§ Try it: Everything from the line containing "children making a map on the grass" through the final line below must be output exactly, both ends included, with nothing else and no pictures.

§ Data provided:
____________________

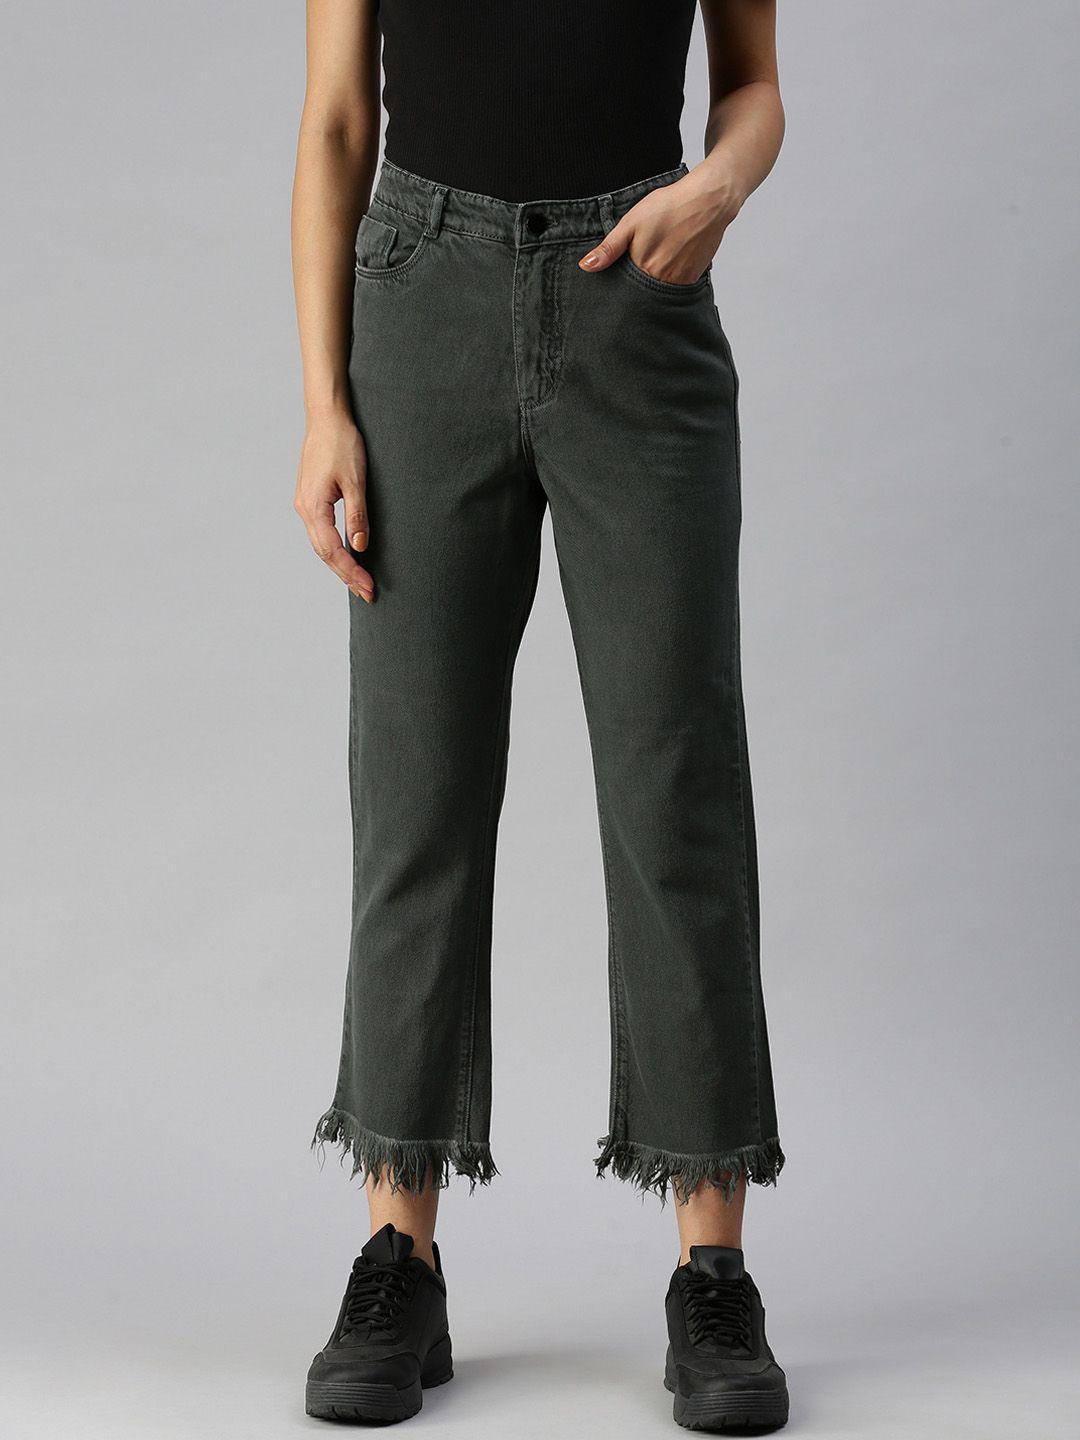 showoff women olive green relaxed fit high-rise stretchable jeans
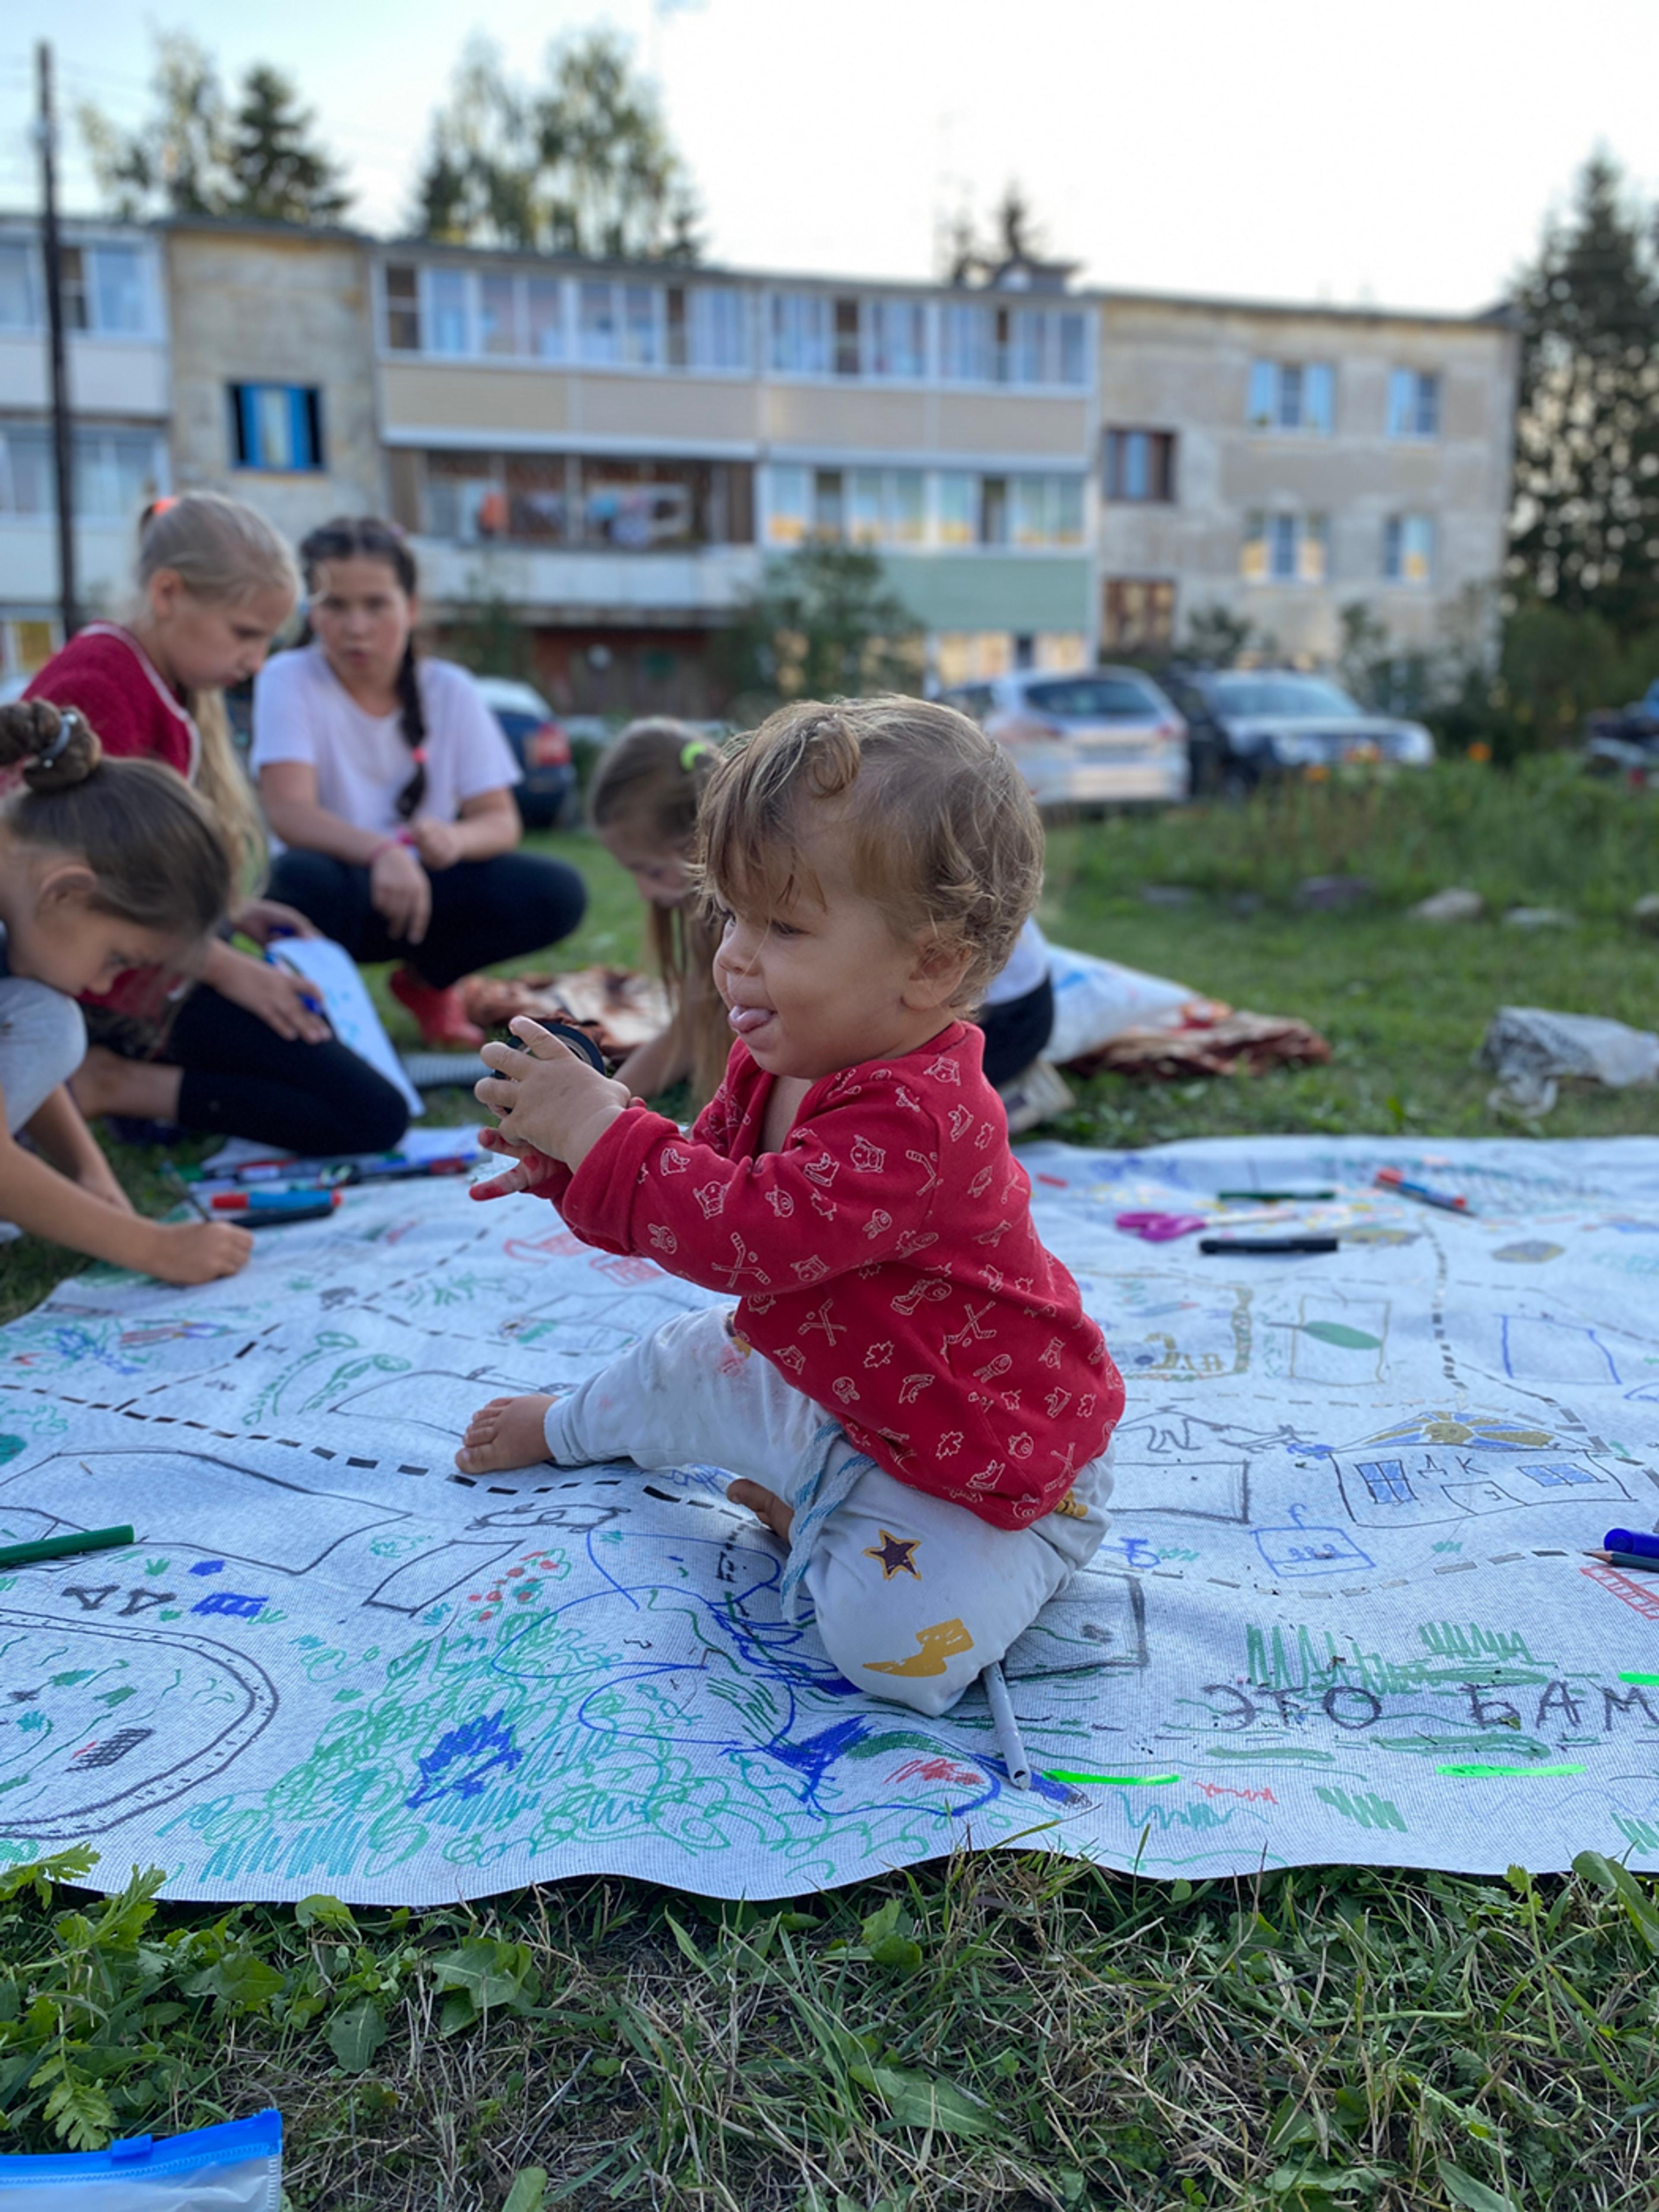 children making a map on the grass
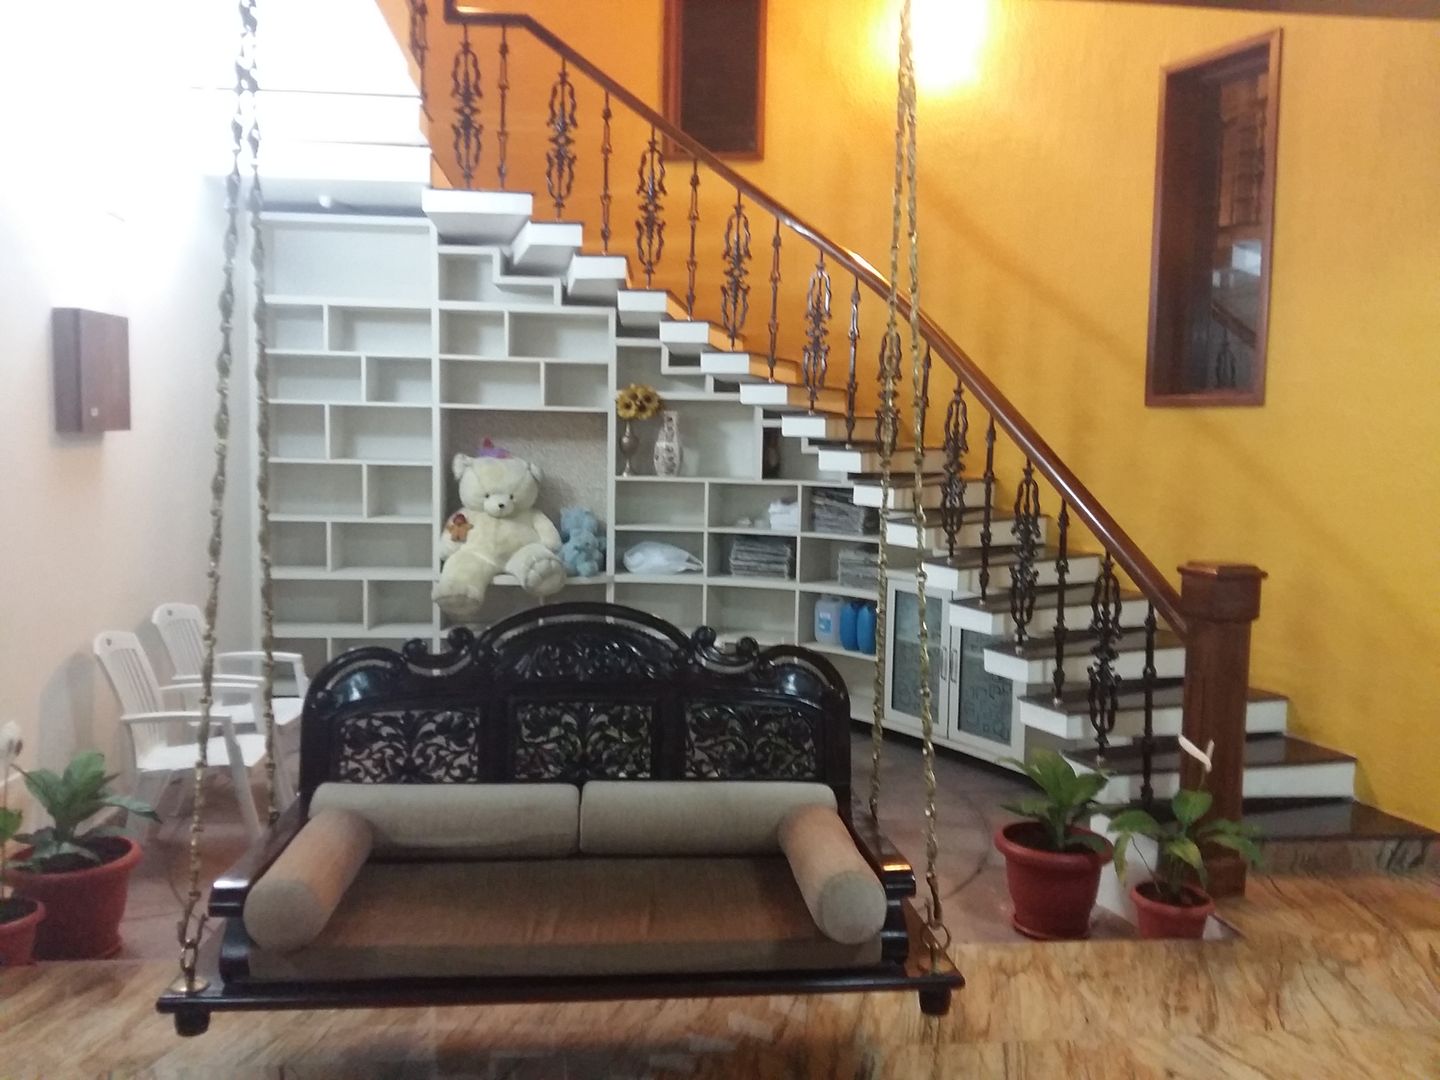 ANUGRAHA - RESIDENCE FOR MR.MUKUND, One Brick At A Time One Brick At A Time Escalier

____________________

§ Answer for this exercise:
 children making a map on the grass
 ANUGRAHA - RESIDENCE FOR MR.MUKUND, One Brick At A Time One Brick At A Time Escalier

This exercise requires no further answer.